Currently, possibilities for implementing sustainability criteria are being reviewed jointly with the asset management companies with the aim of implementing them as sustainable criteria.
2. Investment advice
Should investment advice be provided, the consideration of sustainability risks and the consideration of the most significant adverse effects of investment decisions on sustainability factors will be guided by the mandate and the framework conditions.
3. Remuneration policy in connection with the consideration of sustainability risks
Infinigon’s compensation policy is consistent with the exclusion of sustainability risks. Infinigon’s compensation policy is designed in such a way that it provides no incentive to take disproportionate risks, including sustainability risks.
4. Corporate sustainability issues
The management of Infinigon GmbH has been considering sustainability in its business and strategic decisions for many years. Alongside our pursuit of long-term business success, we aim to create value for our customers, business partners, and employees, while simultaneously assuming social responsibility.
Even though we are among the highly specialized asset management boutiques, we make a positive contribution to reducing CO2 emissions. We focus on emissions directly caused by our business activities, such as those from direct energy consumption in buildings (heating, electricity) or from the consumption of materials (paper, printer cartridges, etc.). We also consider emissions that arise indirectly from business activities from sources not directly attributable to the company, such as air travel, train journeys, or the use of cars/rental cars by our employees for business trips.
The following measures have been in place at Infinigon for years.
For employees who regularly undertake business trips or commutes, we offer the most suitable BahnCard to reduce CO2 emissions.

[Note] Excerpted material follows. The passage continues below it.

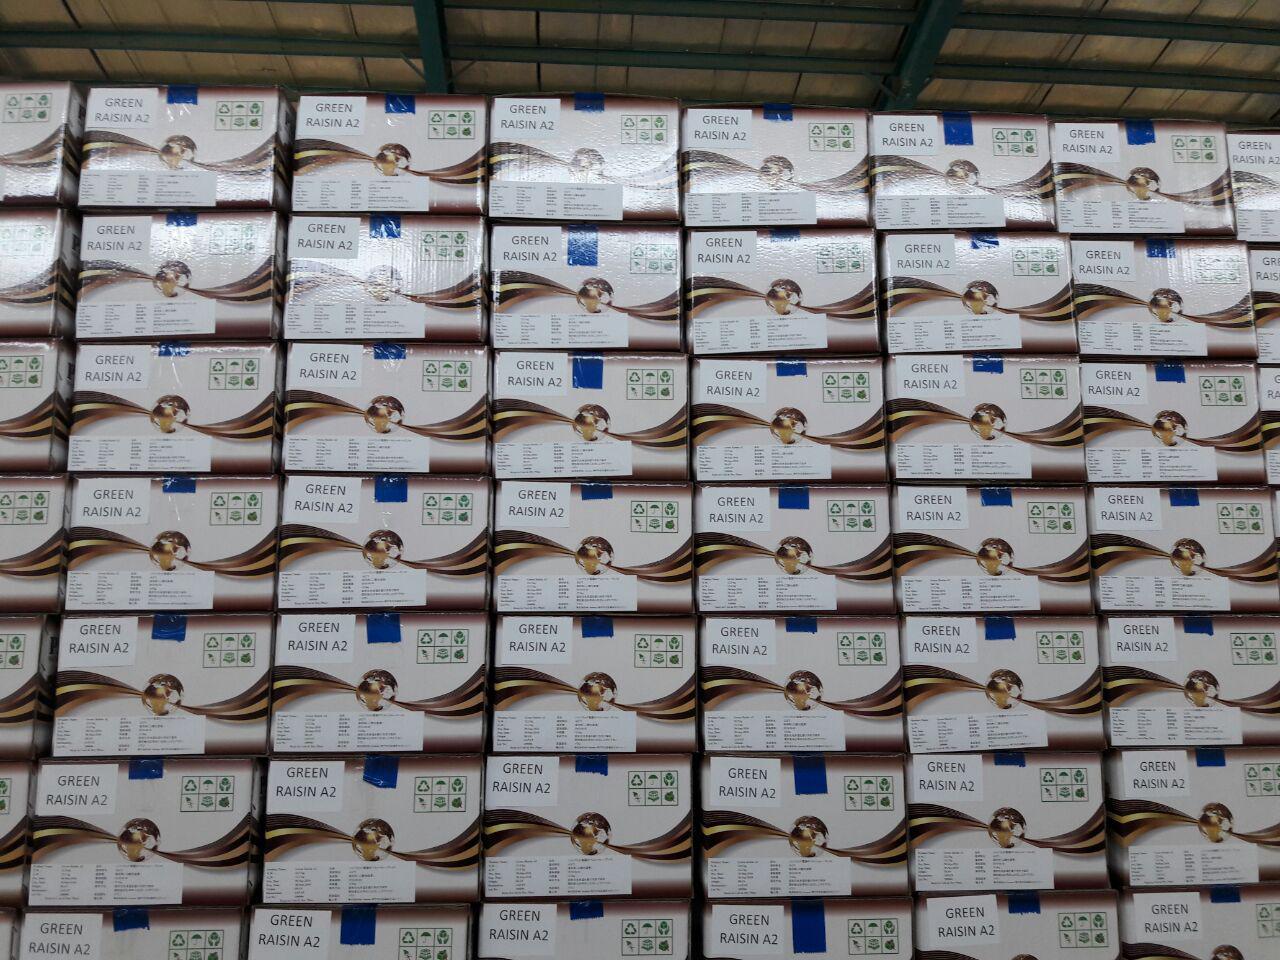 Final Pariz Nuts Packaging

Infinigon introduced a cloud solution in fiscal year 2020, thereby creating the possibility of a hybrid office structure. This enabled CO2 emissions to be reduced by:
- Work materials such as paper, printer cartridges
- Commutes
- Office space will be reduced. IT and other electrical equipment will be disposed of through reuse if it is still functional. Overall, every effort is made to repurpose usable items. Data exchange with our tax advisor, bank, and external auditors is primarily digital.
In portfolio management and research, processes are largely digitalized. In trading, however, there are still requirements for the physical storage of trading documents. Here, paper consumption cannot yet be further reduced. Our printers are generally set to black and white and double-sided printing.

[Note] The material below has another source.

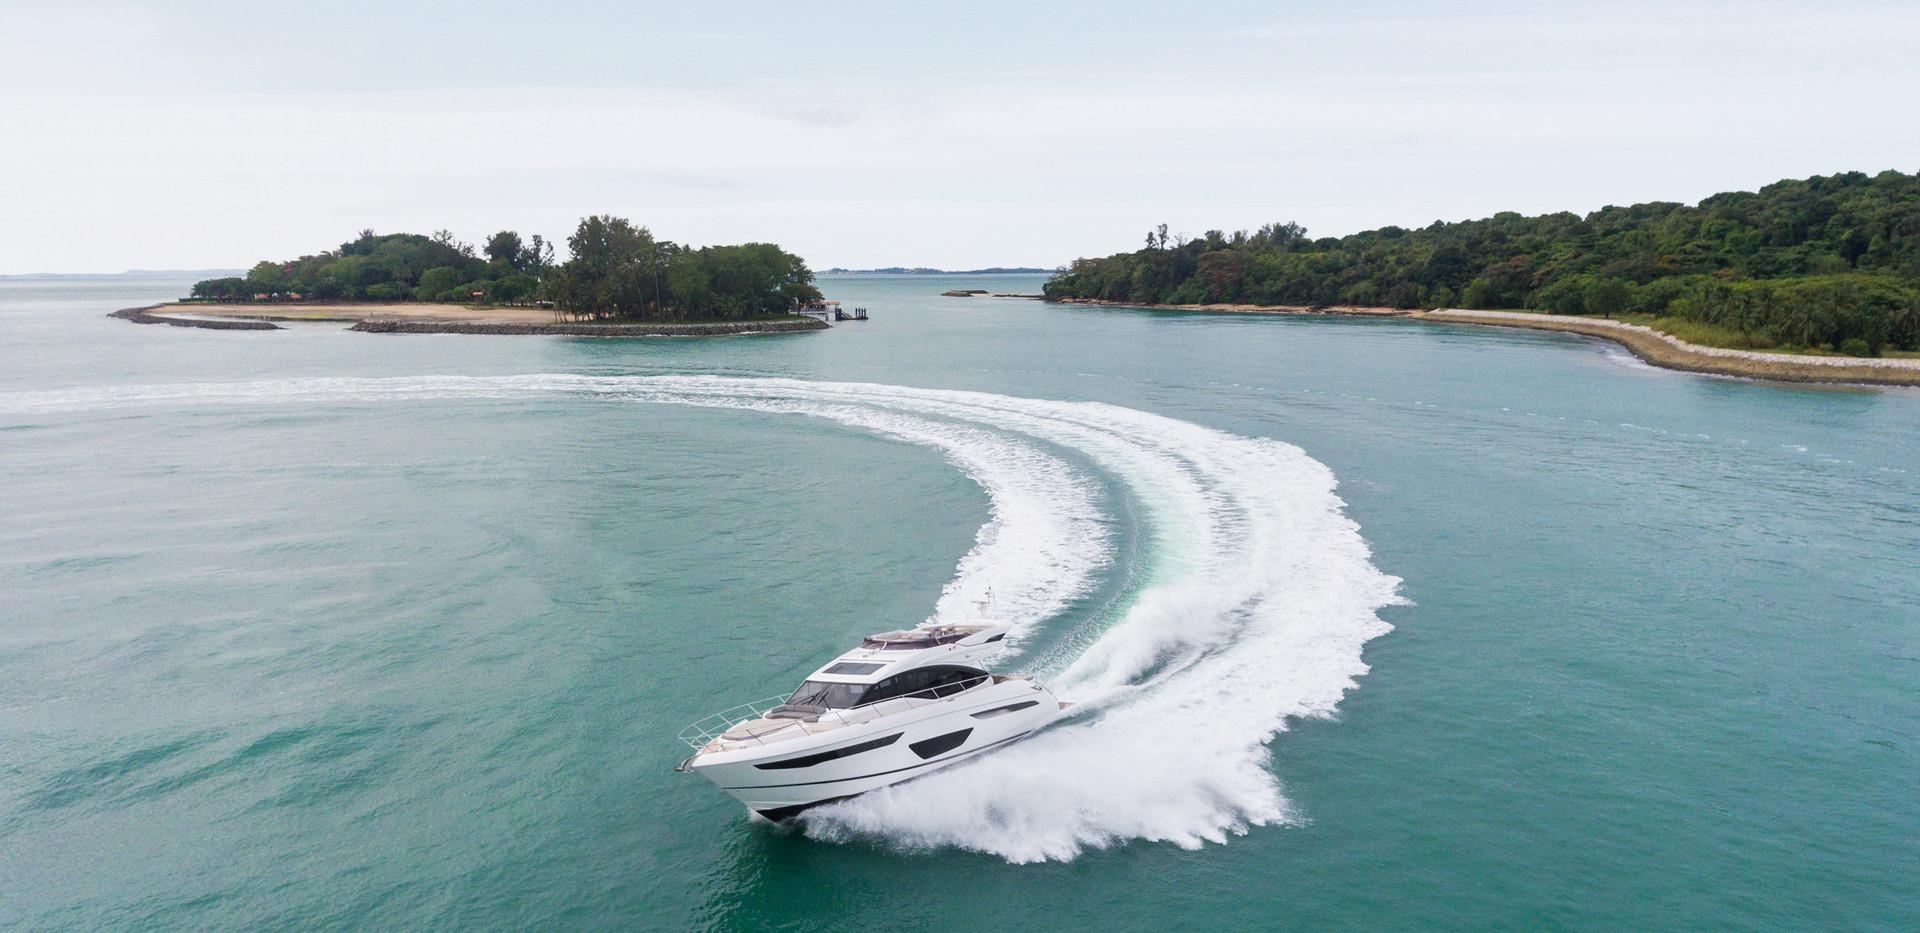 s60-exterior-white-hull-02Abromowitz Sha

Digitizing the office allows us to work more flexibly and productively. Our employees spend less time sifting through files and can concentrate on essential tasks. They require less space and materials. Furthermore, the existing digitization of the office facilitated the pandemic-related transition to a hybrid office structure in 2020 more quickly and easily than in a traditionally organized office.
All employees are free to work from home, subject to operational requirements. As an alternative to travel, almost all meetings are held via video call. This also offers potential for continued sustainable and cost-effective business practices in the future.
When purchasing new equipment, we pay attention to energy certifications. We minimize smaller, inefficient orders. Water consumption in the office has also been reduced through efficient equipment and raising user awareness.
This year we intend to also quantitatively record CO2 emissions in order to plan suitable measures for further reduction and possible offsetting.